When you want to loop over parts of data in a tensor.
When you want to prepare data batches for training a model.
Syntax
PyTorch
tensor[start:stop:step]
tensor[index]
tensor[start:stop]
tensor[:, column_index]
tensor[row_index, :]
Use ':' to select ranges, like start to stop (stop not included).
You can use commas to index multiple dimensions, like tensor[row, column].
Examples
Gets the second element (index 1) from the 1D tensor.
PyTorch
x = torch.tensor([10, 20, 30, 40, 50])
print(x[1])
Gets elements from index 1 up to but not including 4.
PyTorch
x = torch.tensor([10, 20, 30, 40, 50])
print(x[1:4])
Gets all rows but only the second column.
PyTorch
x = torch.tensor([[1, 2, 3], [4, 5, 6]])
print(x[:, 1])
Gets the first row and first two columns.
PyTorch
x = torch.tensor([[1, 2, 3], [4, 5, 6]])
print(x[0, :2])
Sample Model
This program shows how to pick single elements, rows, columns, and smaller parts from a 2D tensor using indexing and slicing.
PyTorch
import torch

# Create a 2D tensor
x = torch.tensor([[10, 20, 30], [40, 50, 60], [70, 80, 90]])

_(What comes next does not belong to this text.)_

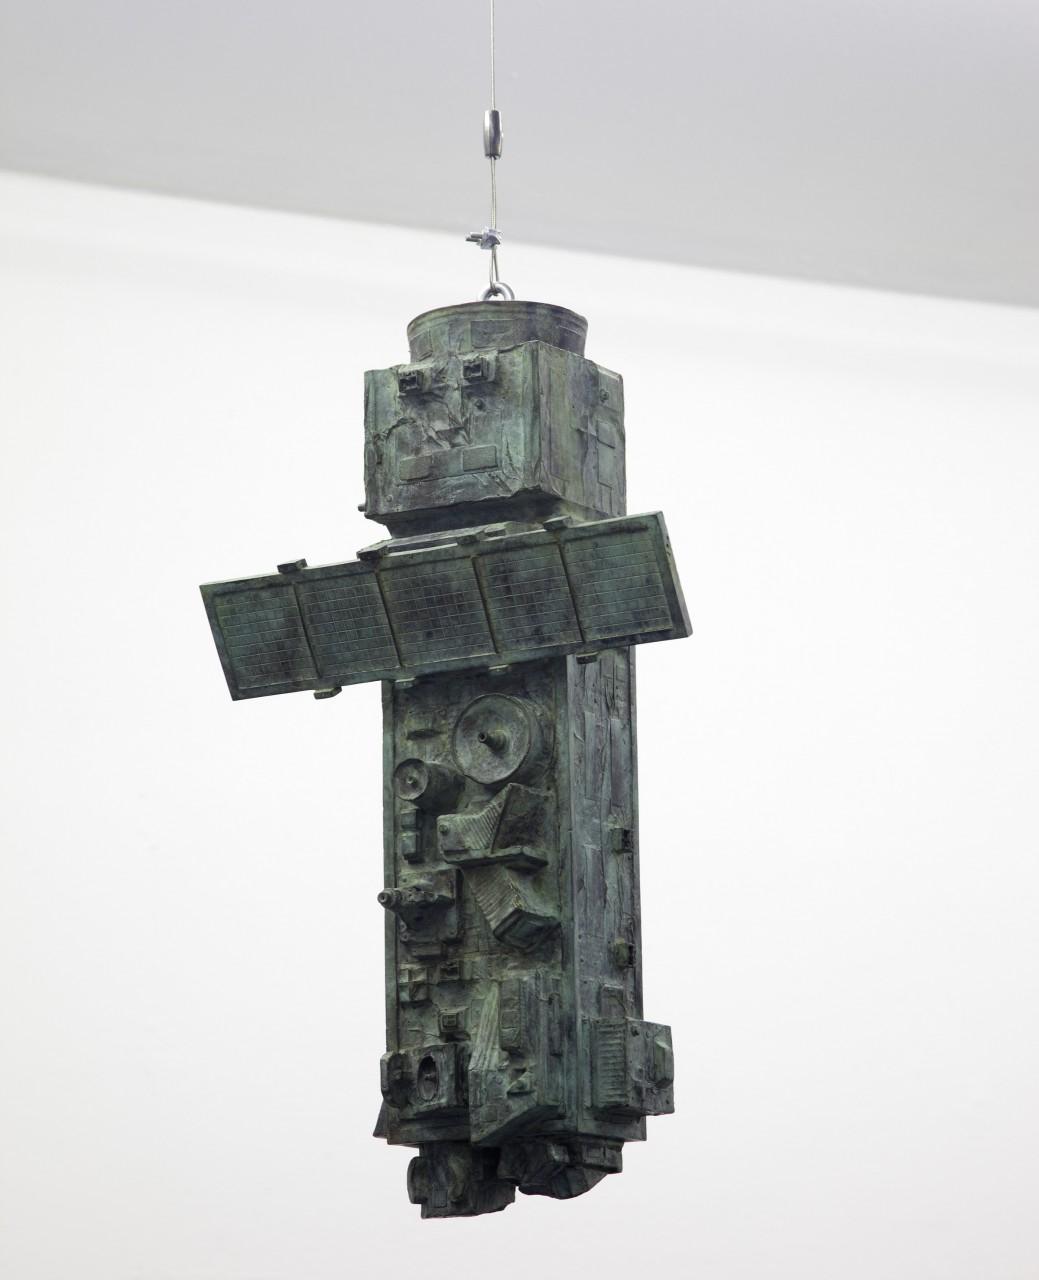 Envisat; 2014/ 15 sculpture; bronze; 52 x 38 x 24 cm (photograph: Sergio Belinchón)

# Get the element at row 1, column 2
elem = x[1, 2]

# Get the first row
first_row = x[0, :]

# Get the last column
last_col = x[:, 2]

# Get a sub-tensor of first two rows and first two columns
sub_tensor = x[:2, :2]

print(f"Element at (1, 2): {elem}")
print(f"First row: {first_row}")
print(f"Last column: {last_col}")
print(f"Sub-tensor (2x2):\n{sub_tensor}")
OutputSuccess
Important Notes
Remember that indexing starts at 0, so the first element is at index 0.
Negative indices count from the end, so -1 is the last element.
Slicing does not include the stop index, so x[0:2] gets elements 0 and 1.
Summary
Indexing picks single elements by position.
Slicing picks ranges of elements using start:stop:step.
Use commas to index multiple dimensions in tensors.